• _Exercise prompt_
A word-for-word copy of the data is what's wanted; pictures stay out of it.

• _Supplied information_
=== Section Start ===

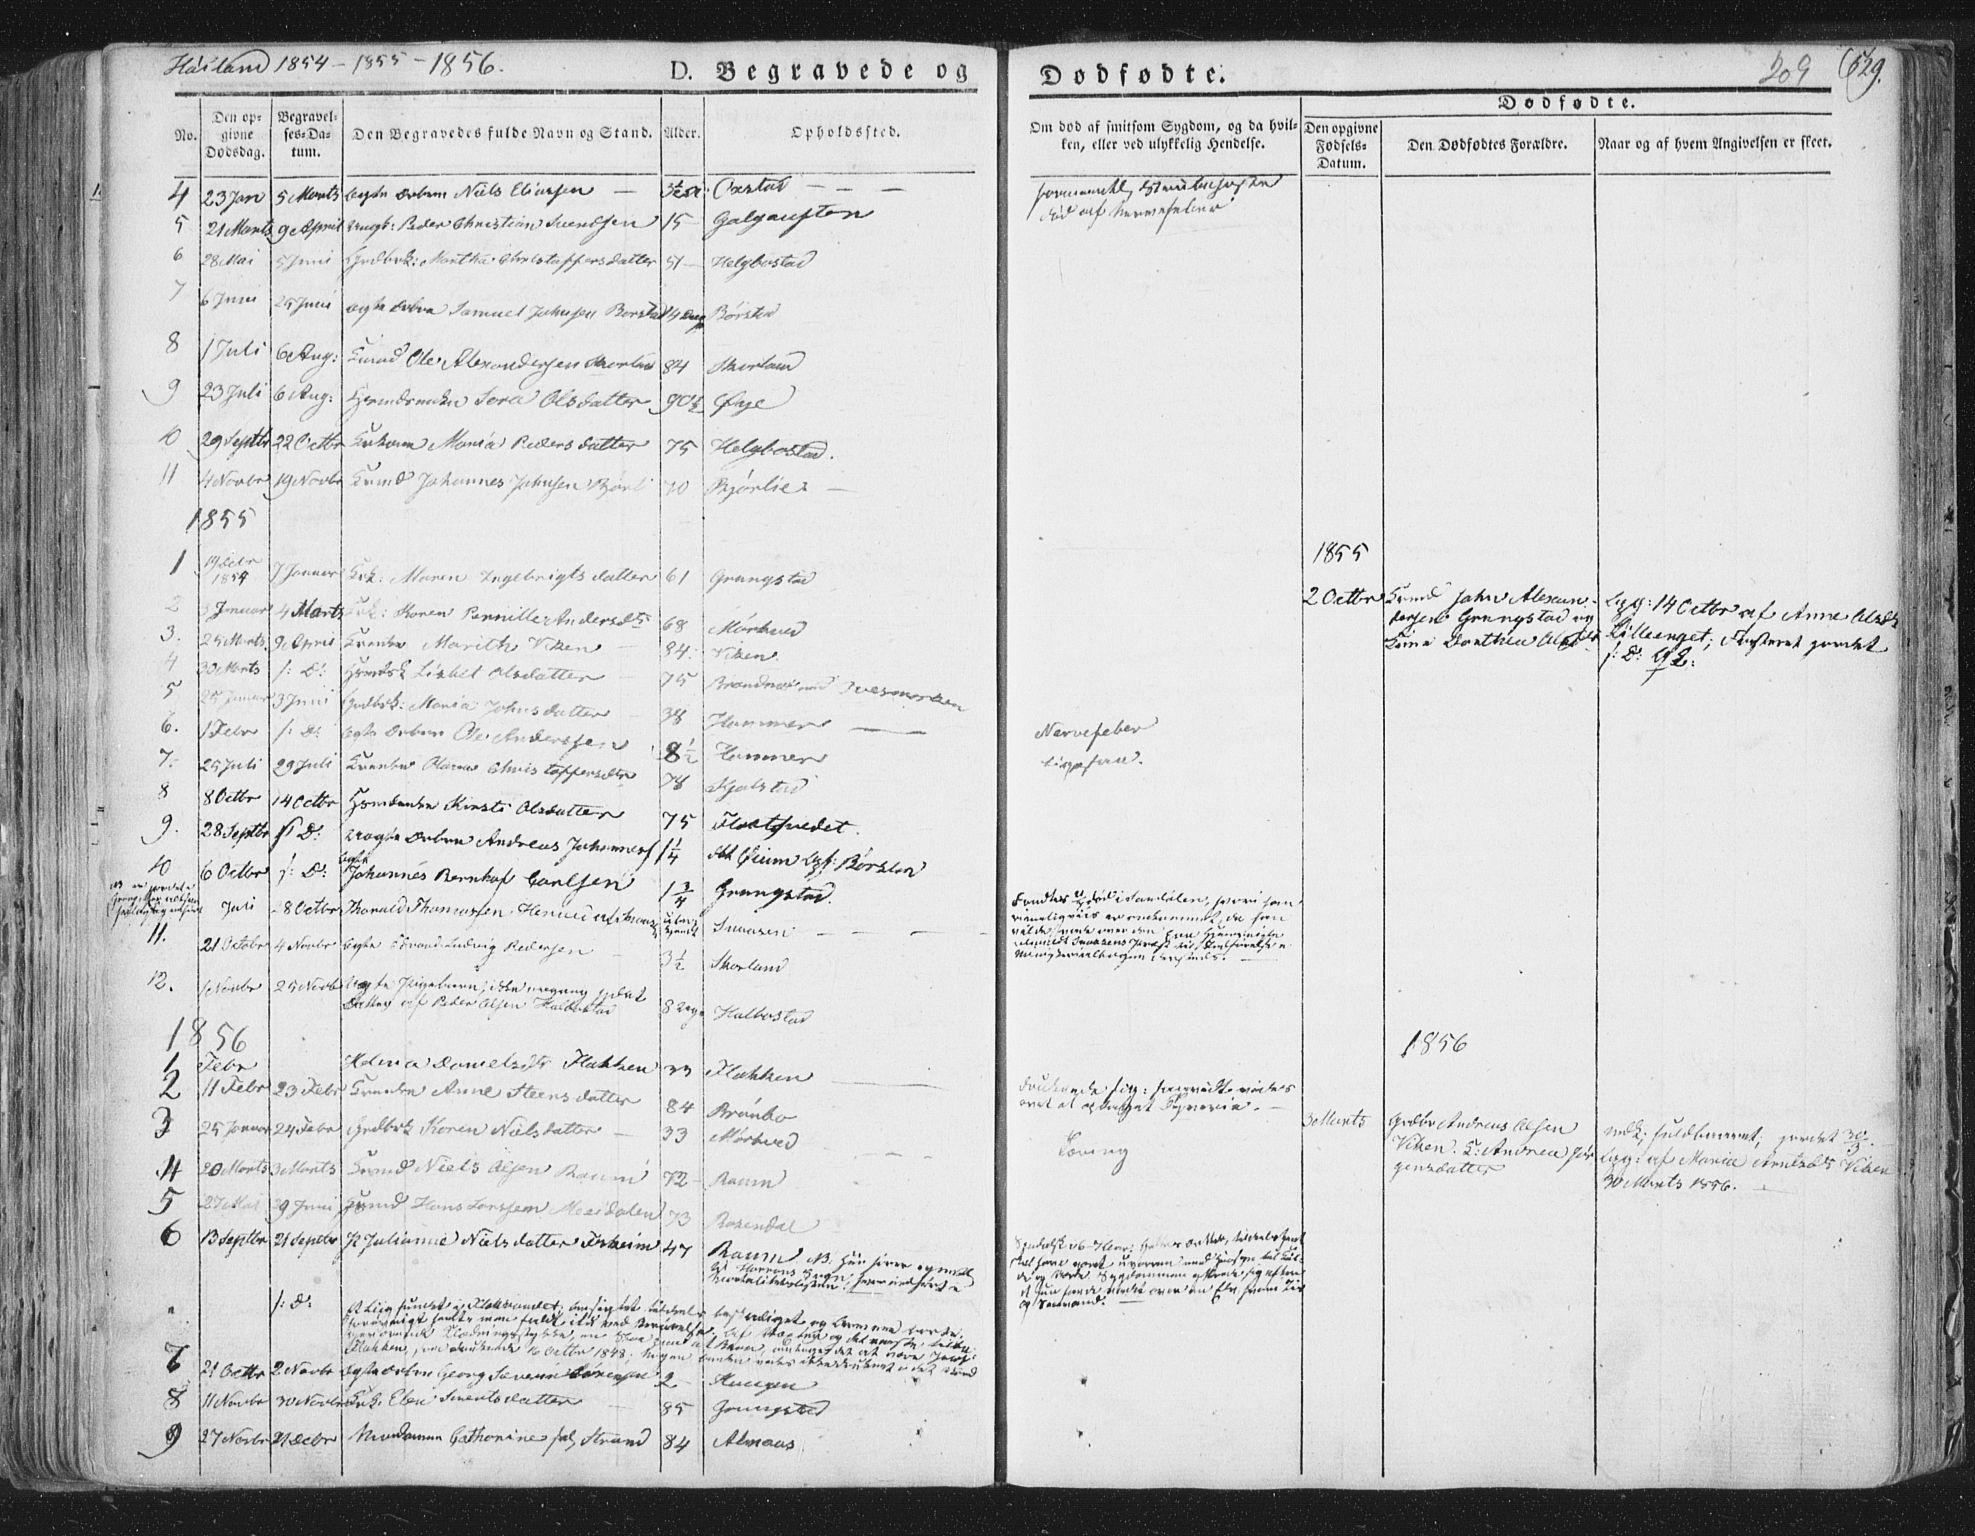 SAT, Ministerialprotokoller, klokkerbøker og fødselsregistre - Nord-Trøndelag, 758/L0513: Ministerialbok nr. 758A02 /2, 1839-1868, s. 209
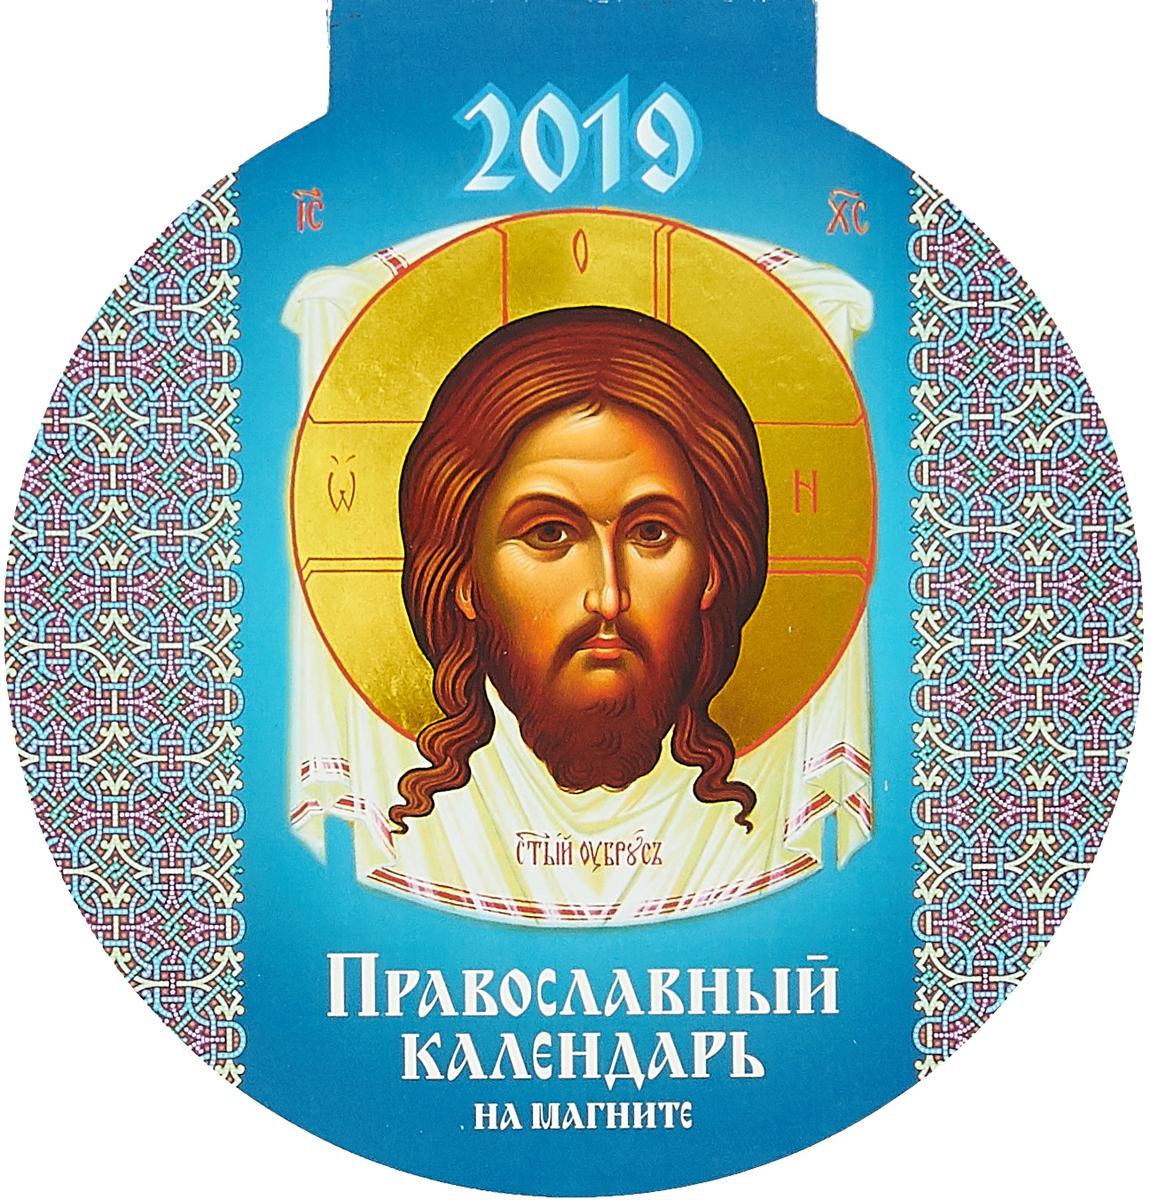 Сделать открытку к празднику православного календаря 5 класс, марта
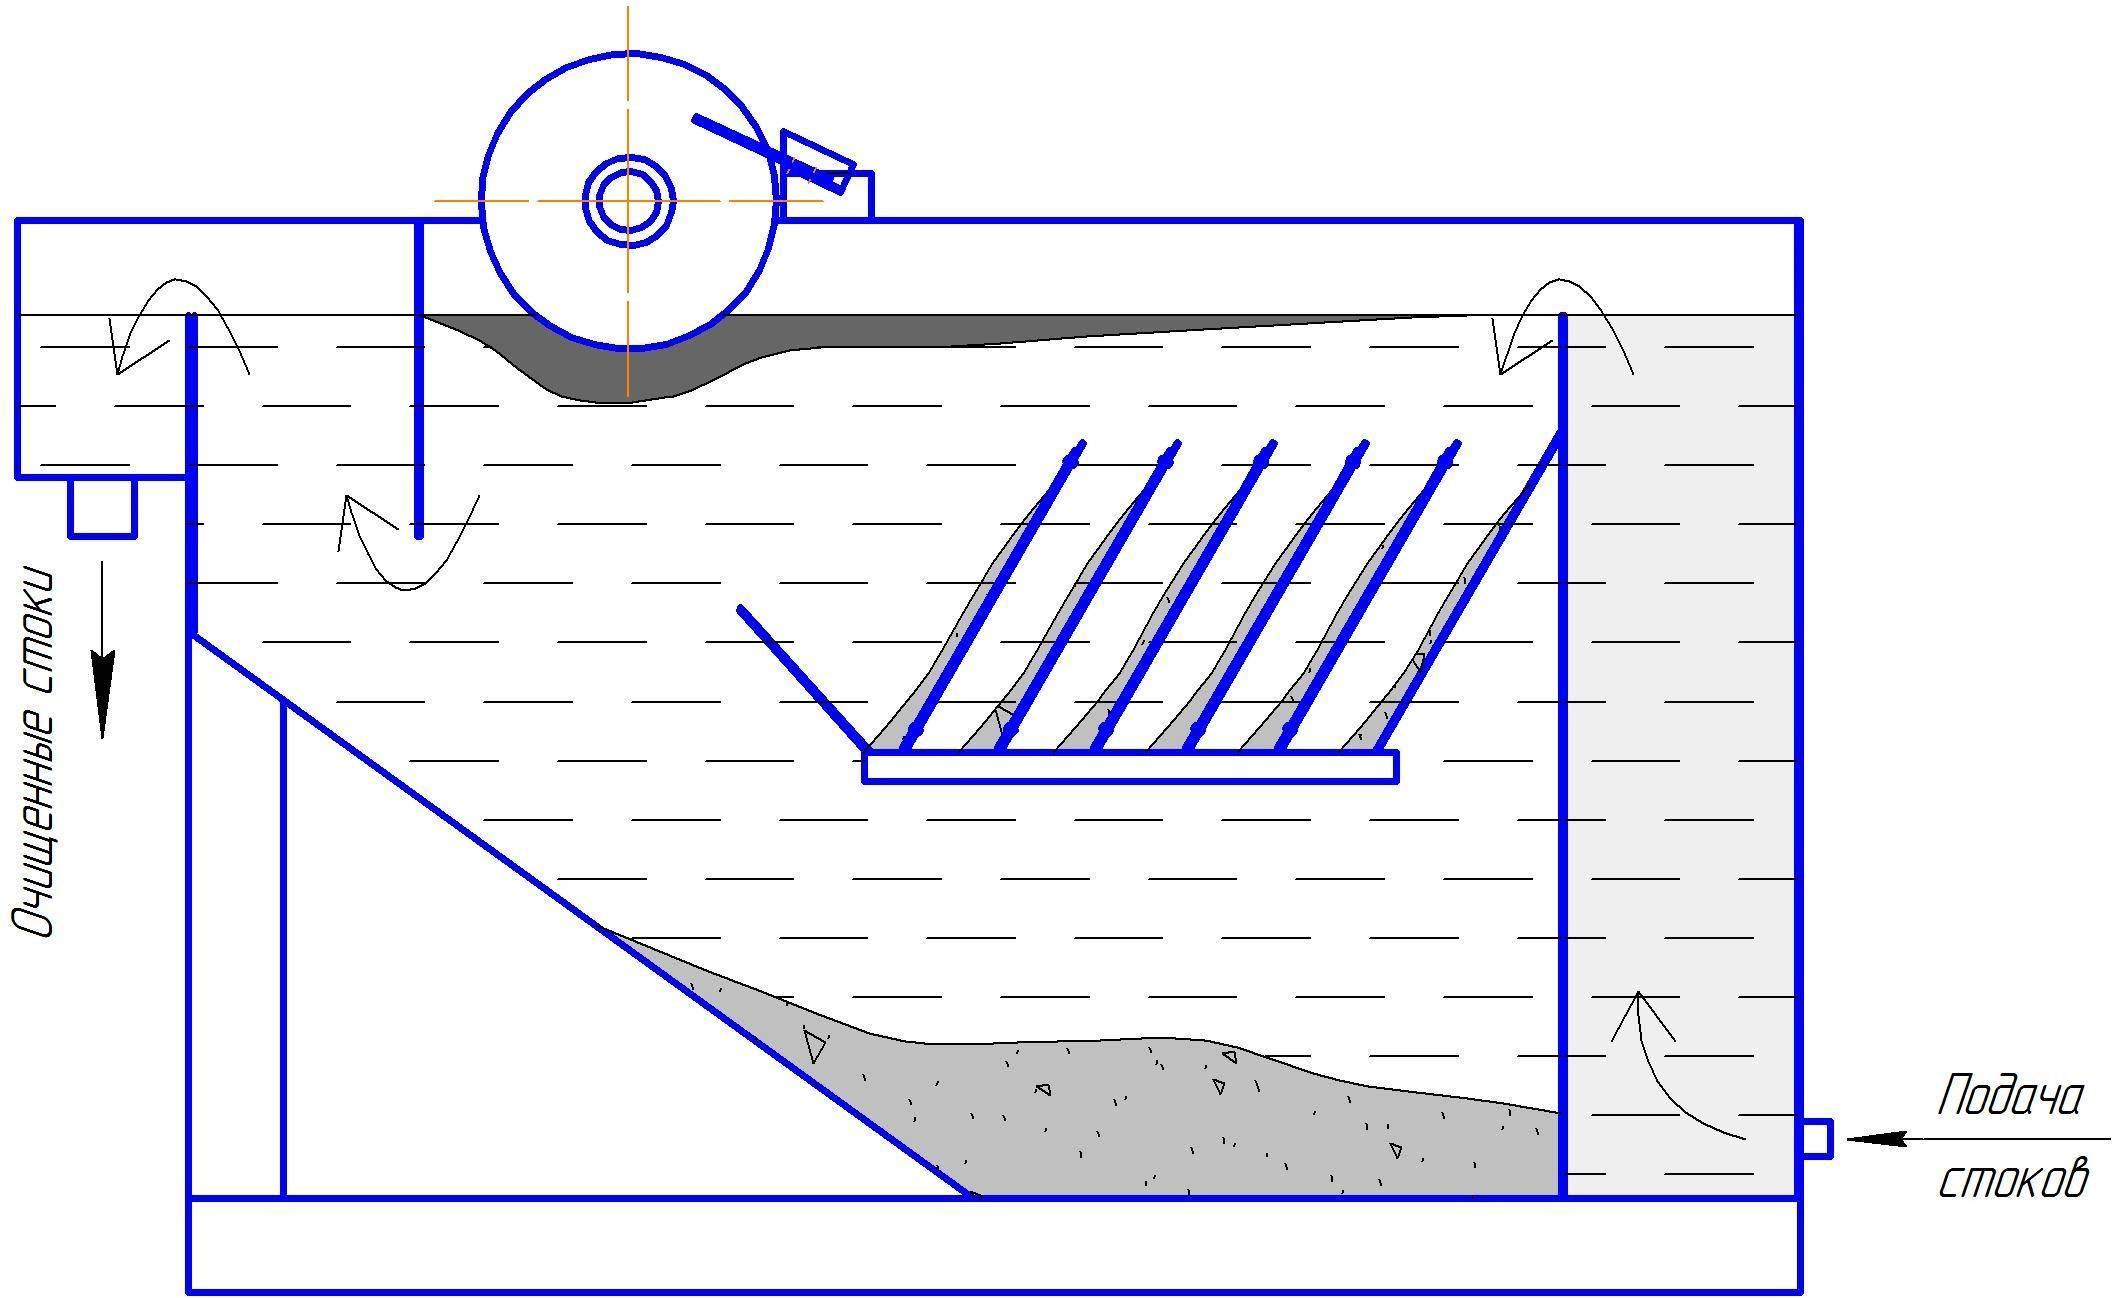 Нефтеловушка для очистки сточных вод от нефтепродуктов

=== Section End ===

• _Answer space_
 SAT, Ministerialprotokoller, klokkerbøker og fødselsregistre - Nord-Trøndelag, 758/L0513: Ministerialbok nr. 758A02 /2, 1839-1868, s. 209
 Сделать открытку к празднику православного календаря 5 класс, марта
 Нефтеловушка для очистки сточных вод от нефтепродуктов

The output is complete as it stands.